I know a Diesel car of 10 years ago pollutes the same as 12 modern Diesel cars.
I seriously doubt it. You might have read that on some pro diesel site, but there is more and more research showing that diesel engines are not actually getting cleaner at all. It only looks cleaner (by eye and by casual testing). When you look at the whole picture, diesel is still quite dirty.
Visually, they eliminated the big black clouds of smoke, but the truth is that that smoke is a lot less harmfull than the fine invisible particles that modern diesels (running on modern synthetic diesel oil) emit. Apart from the NOx which you cannot see at all of course.
Then there is the problem that they only measure the weight of the emitted particles. The newer diesels blow out more particles albeit finer ones. Overall the eight is down, but there are still more particles. Also, the finer the particles the more harmful (because they can penetrate the lungs deeper) and difficult to filter they are. In the end the overall weight of these particles might have gone down, but since there are more particles and each particle does more damage, there is only an adverse effect.

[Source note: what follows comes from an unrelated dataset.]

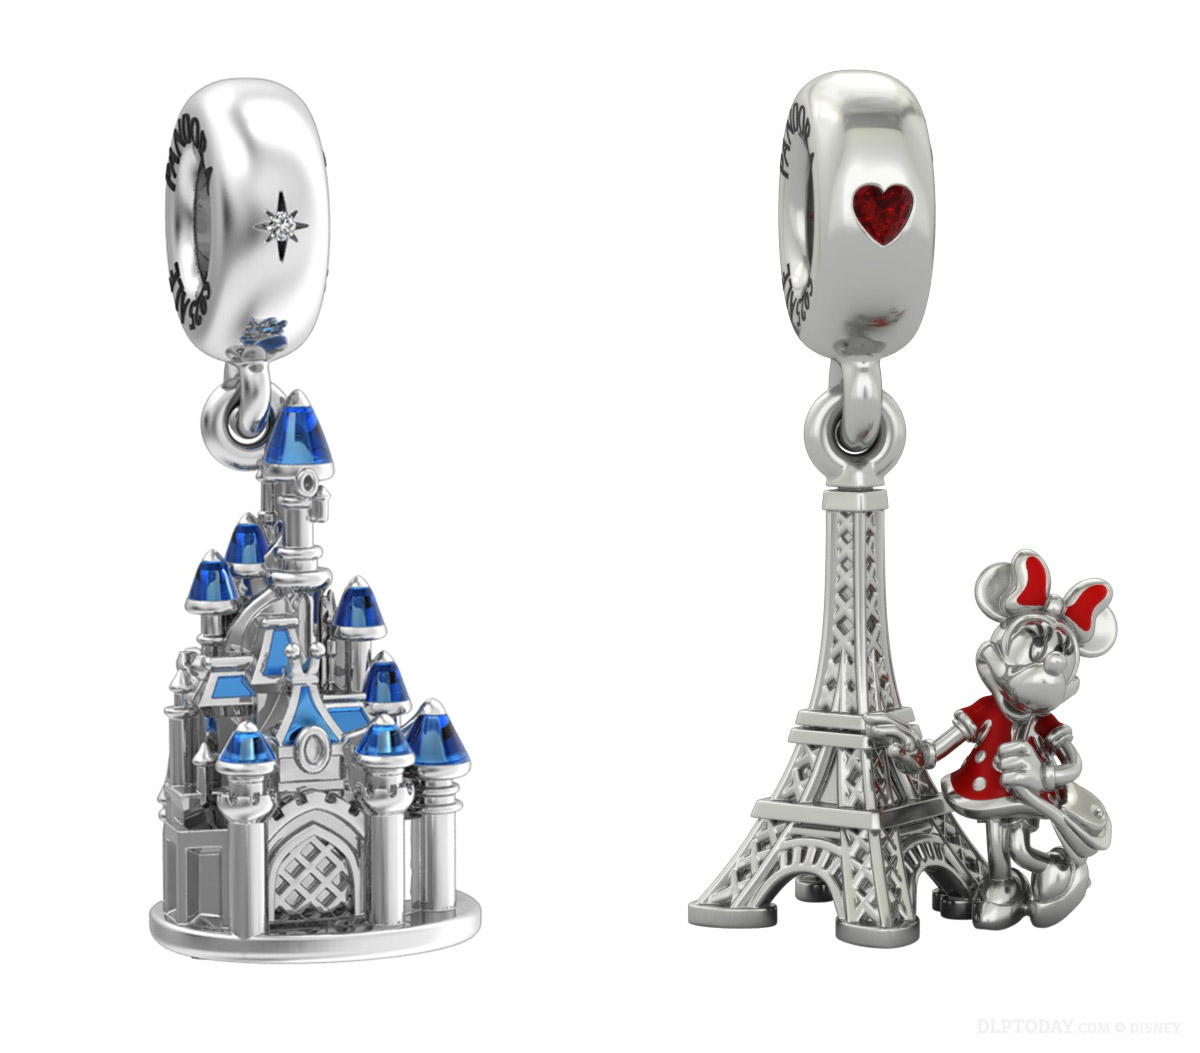 Pandora signs Disneyland Paris deal for exclusive new

Governments are messing this up bigtime and car and fuel manufacturers are hindered by this and are forced to develop things that in reality don't work.
The open filters that are fitted on existing cars don't appear work at all. They only seem to make matters worse. If you actually look at the particle numbers and size distribution rather than overall weight alone.
With closed filters the problem is that with the newer synthetic diesel fuels they need to redesign the filters. The different burn characteristics alter the temperature at which the filter needs to be cleaned (the filtered soot needs to be burned out)
So even the new fuels are causing problems. Of course the new low sulfur fuels are miles better than the old fuel, but car manufacturers need to adapt and old cars are now not ideally suited for these new fuels.
Anyway. It's getting better, but diesel is still a very unhealthy alternative and governments and companies are not working together at full efficiency. So what else is new I guess

The funny thing is that the government is to blame (at least here in Holland) for the Diesel becoming so popular. Insane high gas prices force people and companies to take an economic choice.
Actually the price of diesel is subsidized (or rather taxed lower) to keep transport companies competitive. The road tax is increased with the idea that only people who drive really a lot (ie trucks) will use it. It all went horribly wrong though.